But this change is also accomplishing the third and final step toward continent-wide integration. The European Union began as a common market that slowly expanded in size. That initial economic arrangement came to be supplemented by numerous political and regulatory institutions for the continent as a whole, above the political institutions of individual nations, including (by the late 1990s) a European Central Bank. The result has been a slow-motion birth, in fits and starts, of a super-state — kind of like a supersonic jet constructing itself in mid-flight.
But the one area where the process of political unification has been repeatedly stymied is defense. With the United States still taking ultimate responsibility, through NATO, for the continent's security, and EU member states usually prioritizing national interest over defining and defending the bloc's collective interests, the EU's halting efforts to forge common bonds over relations with the rest of the world have foundered.
Until now, that is.
If Russia quickly pulls back from its misadventure in Ukraine, bringing the war to a swift conclusion, the cohesion of the moment could certainly fade, leaving the continent back where it was a month ago. But as my colleague Noah Millman has recently argued, that kind of rapid resolution is unlikely. And the longer the conflict lasts, the more likely it will be that new habits of unity and resolve will become entrenched and codified in institutions for the continent's common defense.

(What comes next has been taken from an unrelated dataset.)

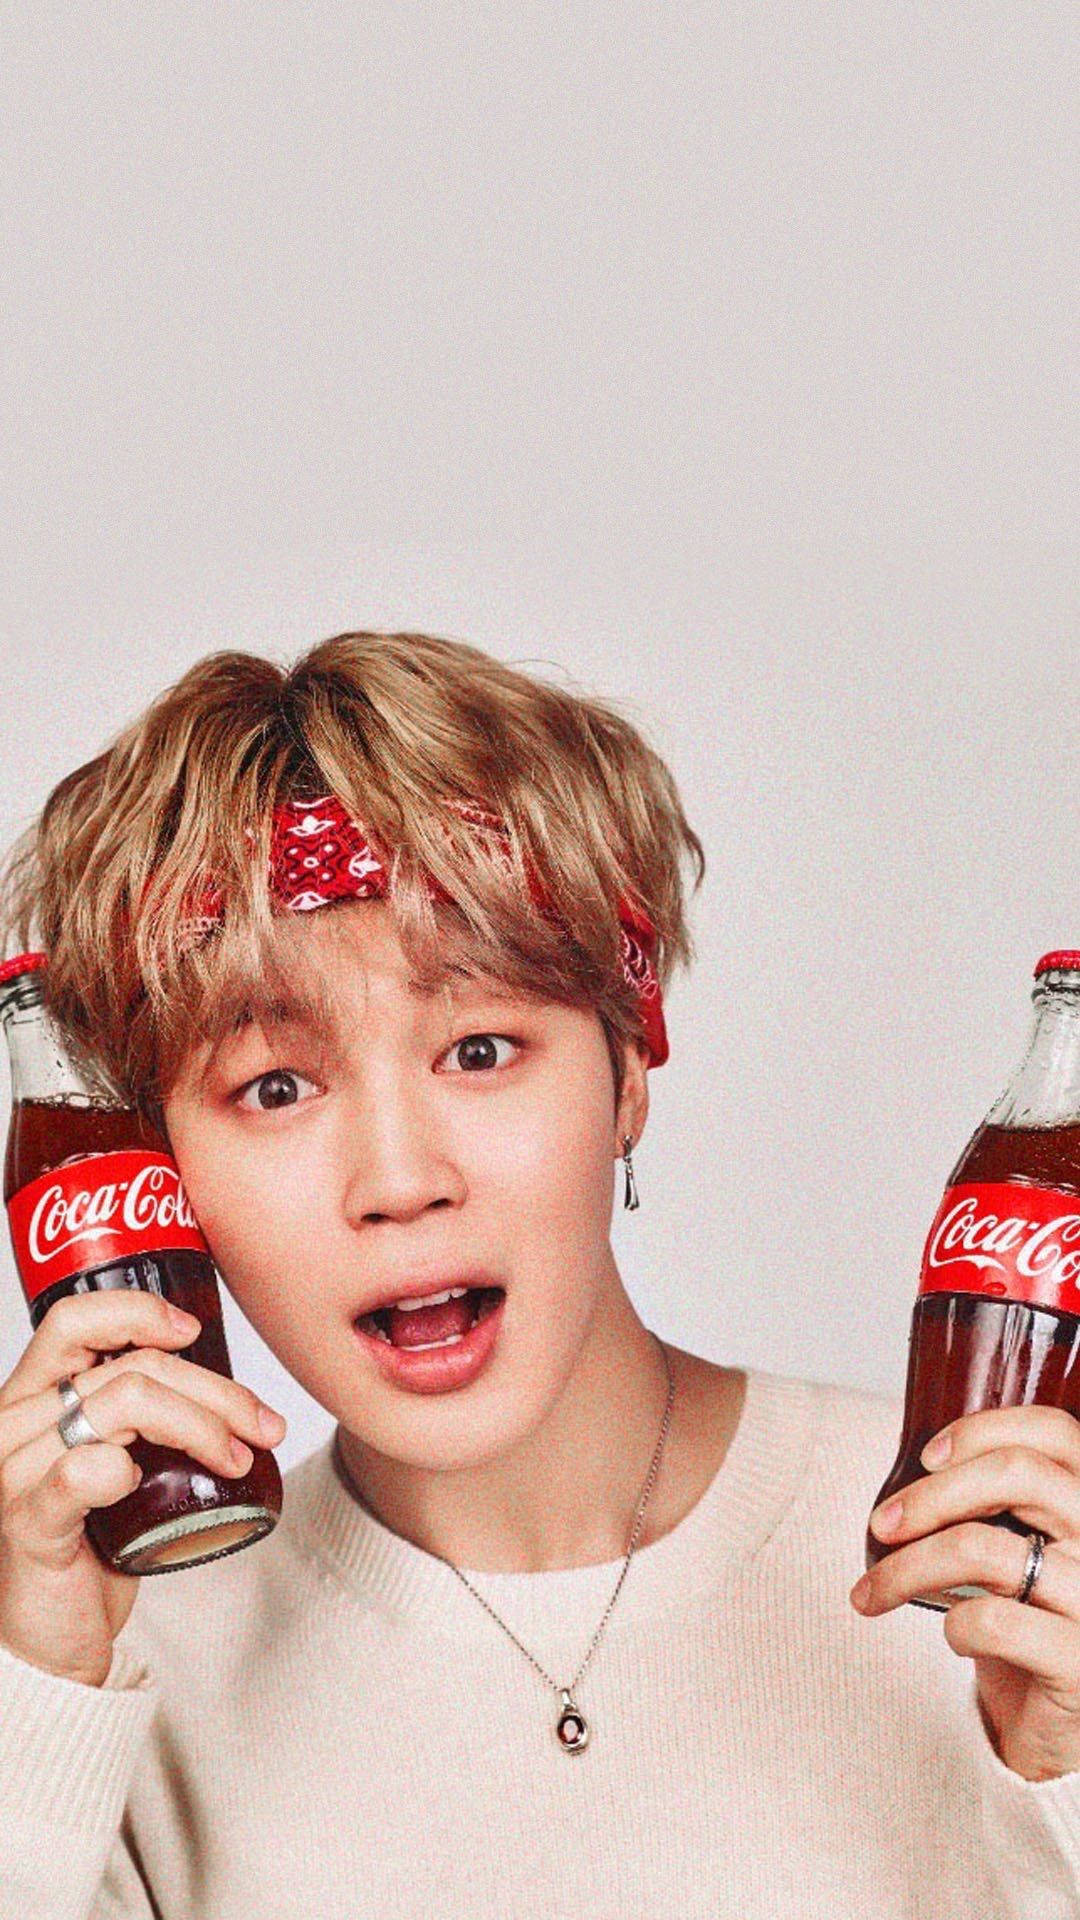 BTS Jimin For Coca-Cola Wallpaper

It so happens that such institutions won't have to be built from scratch. They're already present in the form of NATO itself. The EU and NATO have considerable overlap in membership, though not entirely. In the current situation, with enemy artillery and tens of thousands of Russian troops fighting their way across a country on the periphery of the bloc, such division seems increasingly absurd.
Just this week, the European Parliament responded with enthusiasm to Ukraine's application for membership to the EU. The tiny country of Georgia, directly on Russia's border, is pursuing membership as well. What sense will it make to admit these countries to the economic and political institutions of Europe without also extending them security guarantees? It would be like the United States admitting two new states while declaring the American military would do nothing to defend them if attacked. That isn't the behavior of a coherent political entity, and it will have to change.
The simplest way to do it would be for NATO to meld organizationally with the EU, effectively becoming a ready-made Ministry of Continental Defense for the European Union. Countries already in the EU or joining in the future would have to become automatic members of NATO. Over the past week, two EU member nations (Finland and Sweden) have warmed to idea of such a move. If both join, that would leave Austria, Cyprus, Ireland, and Malta as the sole EU members holding out from participating in NATO as well.
As for countries in NATO but not in in the union (Albania, Canada, Iceland, Norway, Turkey, the U.S., and, since 2020, the United Kingdom), their decision-making about ascension to the EU would vary according to different geographic and political realities. The important thing is that they would at the very least be invited to remain treaty allies to the EU, committed to participating in common defense in the event of an attack on a member nation.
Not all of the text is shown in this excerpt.